Although prevention can help to ensure safety, if the problem is to be corrected your dog will need to be taught to accept approaches and give up objects on command. The goal is to train the dog that it will receive a favored treat or reward that is even more appealing than the object in its possession. However, you must first have good control and a well-trained dog. If your dog will not sit and stay, come, or allow approach when it has no object in its possession, then there is little chance of correcting a possessive problem. For details, see section on food guarding in our ‘Puppy handling and food bowl’ handout and in our handout on ‘Controlling stealing and teaching give’.
How can I deal with food guarding behavior?
Some dogs continue to aggressively guard their food even if worked with as puppies. Punitive attempts to change them, making the dog wait and perform numerous tasks for food, or factors that cause increased hunger tend to exacerbate rather than diminish the behavior. In fact, while you should be able to remove your puppy’s toys or food bowl and approach or pet your dog when it is eating or chewing on a toy, dogs that are possessive are more likely to increase their aggression if you keep taking away their food or toy and giving nothing positive in return. On the other hand if you back off from a dog that is growling or threatening, then the behavior has been reinforced.
The first step is to remove any conflict or anxiety from the feeding situation. The food bowl should be picked up and put away when it is not mealtime. In general the dog should be fed scheduled mealtimes and not free choice (although in rare cases free choice feeding may reduce the increased arousal and aggression around the food bowl, but not the possessiveness of novel foods and treats). When food is prepared, the dog should be outside or in another room. The food is then placed in a secure location, preferably a room with a door that can be completely latched and/or locked or a crate if the dog is used to one (locking the door is essential if young children are in the home). The dog is then placed in the room or crate with the food and the door is shut. When the dog is finished eating they often will bark or scratch at the door to be released. The dog is released and let outside, and while the dog is gone the bowl is picked up and put away. At no time should the dog be fed in a location where other people are present since this presents a danger to those in the vicinity of the dog while it eats.

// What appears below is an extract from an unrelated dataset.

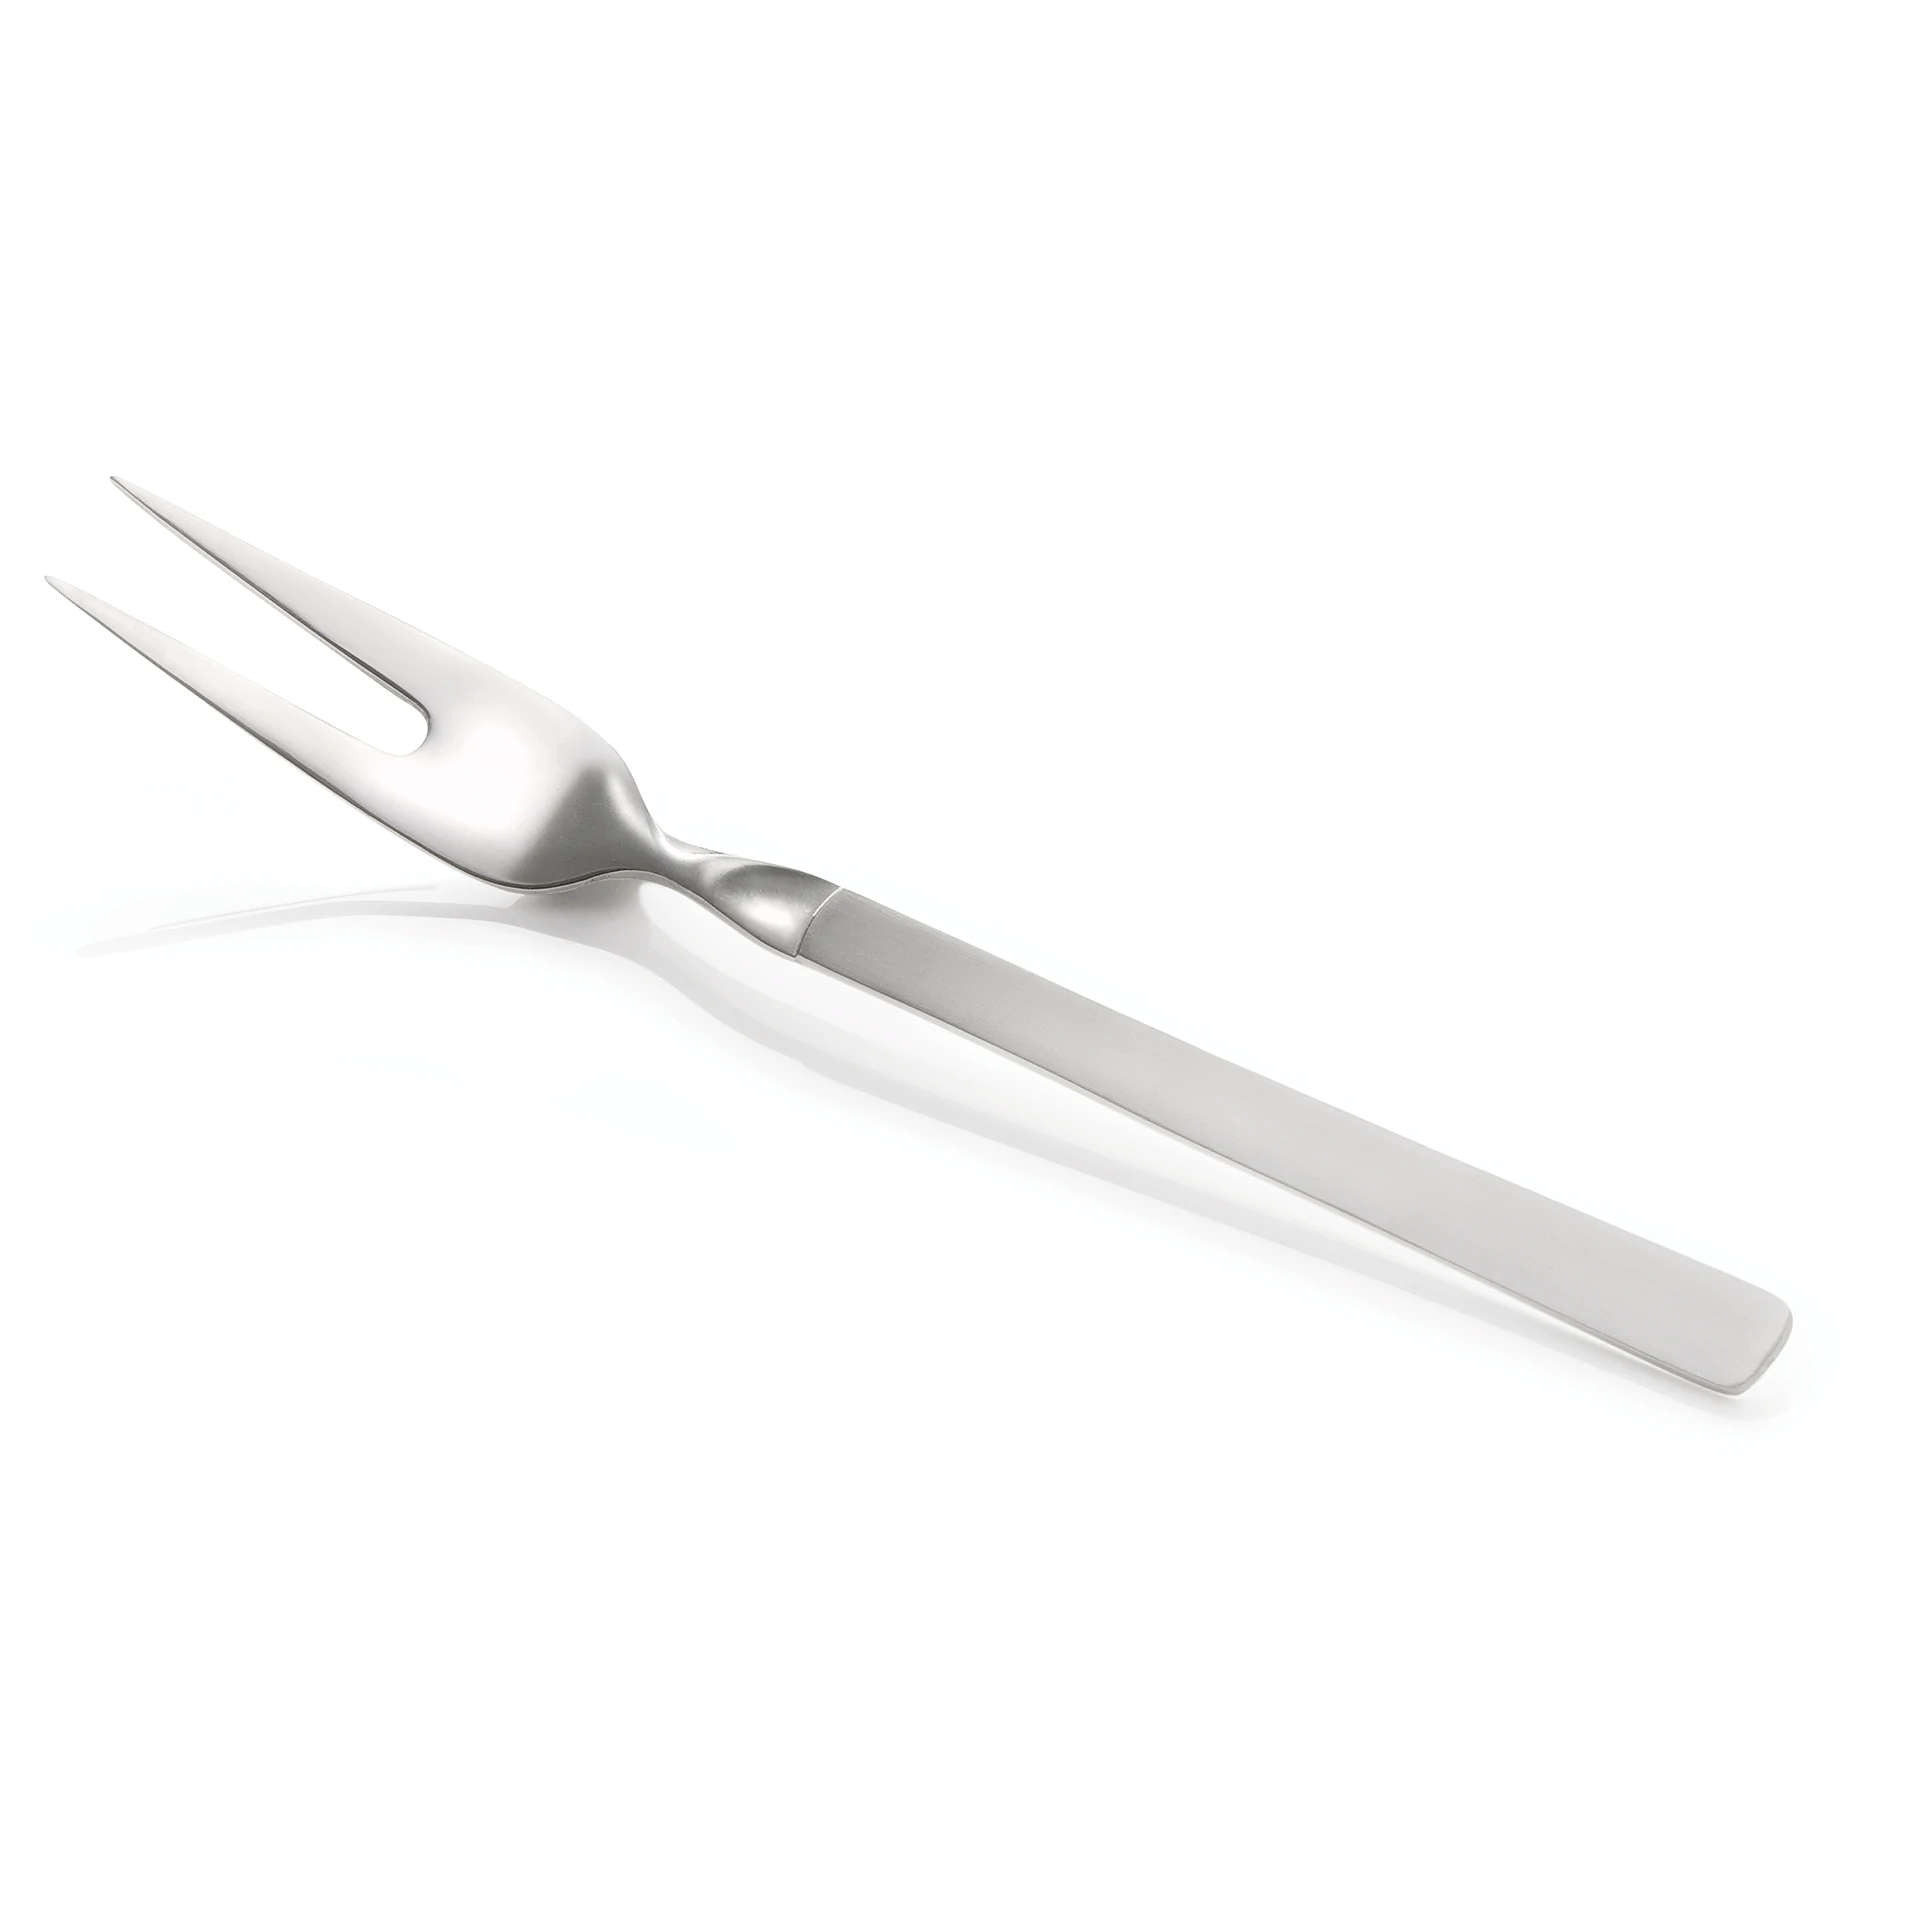 Serving fork Kitchen Tool 2160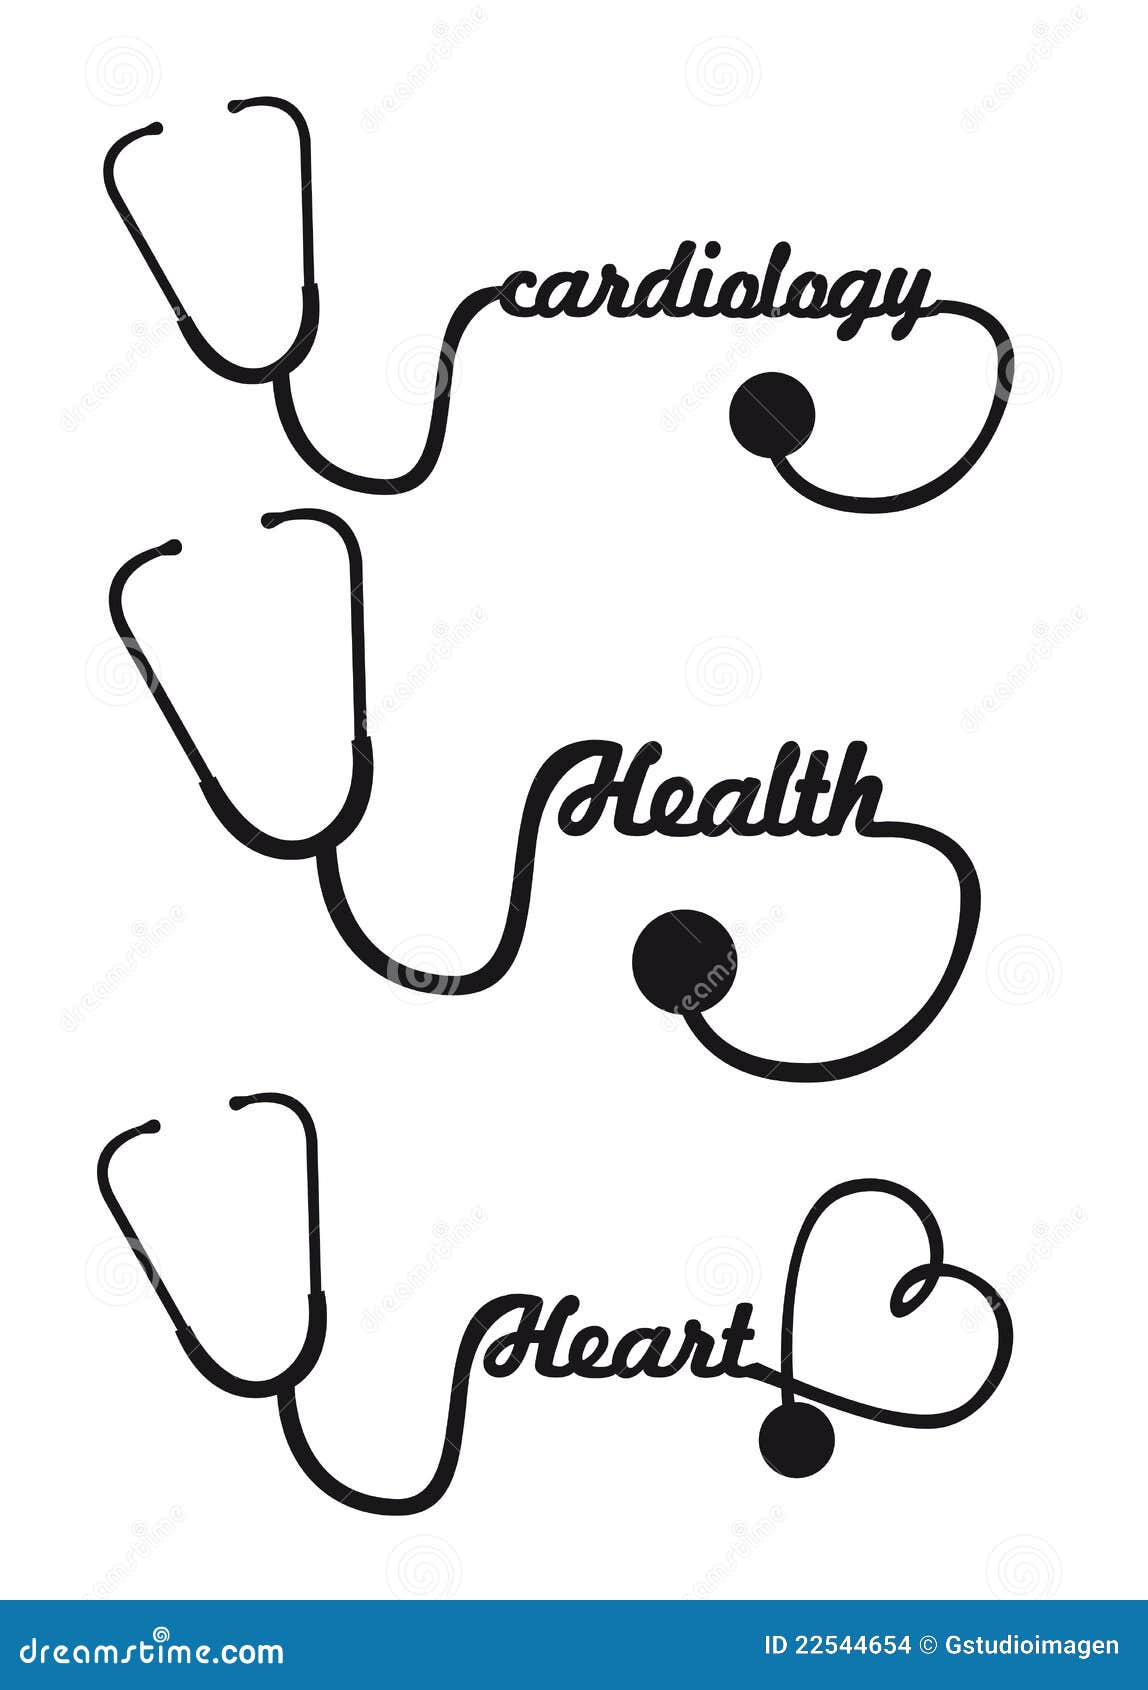 Stethoscope Stock Images - Image: 22544654

For some dogs this will help decrease their anxiety and remove the source of conflict between the family and the pet, and may be the lifelong solution. In other situations, if the aggression is not severe and the dog is not aggressive about an empty food bowl, retraining can be attempted. This often entails measured and controlled feeding. The exercise can be performed with a leash and head collar for additional control should the dog not respond to your commands or should aggression begin to emerge. The dog’s daily ration is split into multiple portions. The dog is asked to sit/stay and a small amount of food is placed in the bowl; then the bowl is placed on the floor and the person steps back 2-4 feet. The dog is then released to eat this amount. Once the dog has consumed the amount he is backed away from the bowl, asked again to sit/stay and the bowl is picked up, repeating the process until the whole meal is consumed. Occasionally a special treat can be added to the next portion of food. If at any time the dog stiffens or growls, the session ends and, once the dog leaves the bowl, it is picked up and put away.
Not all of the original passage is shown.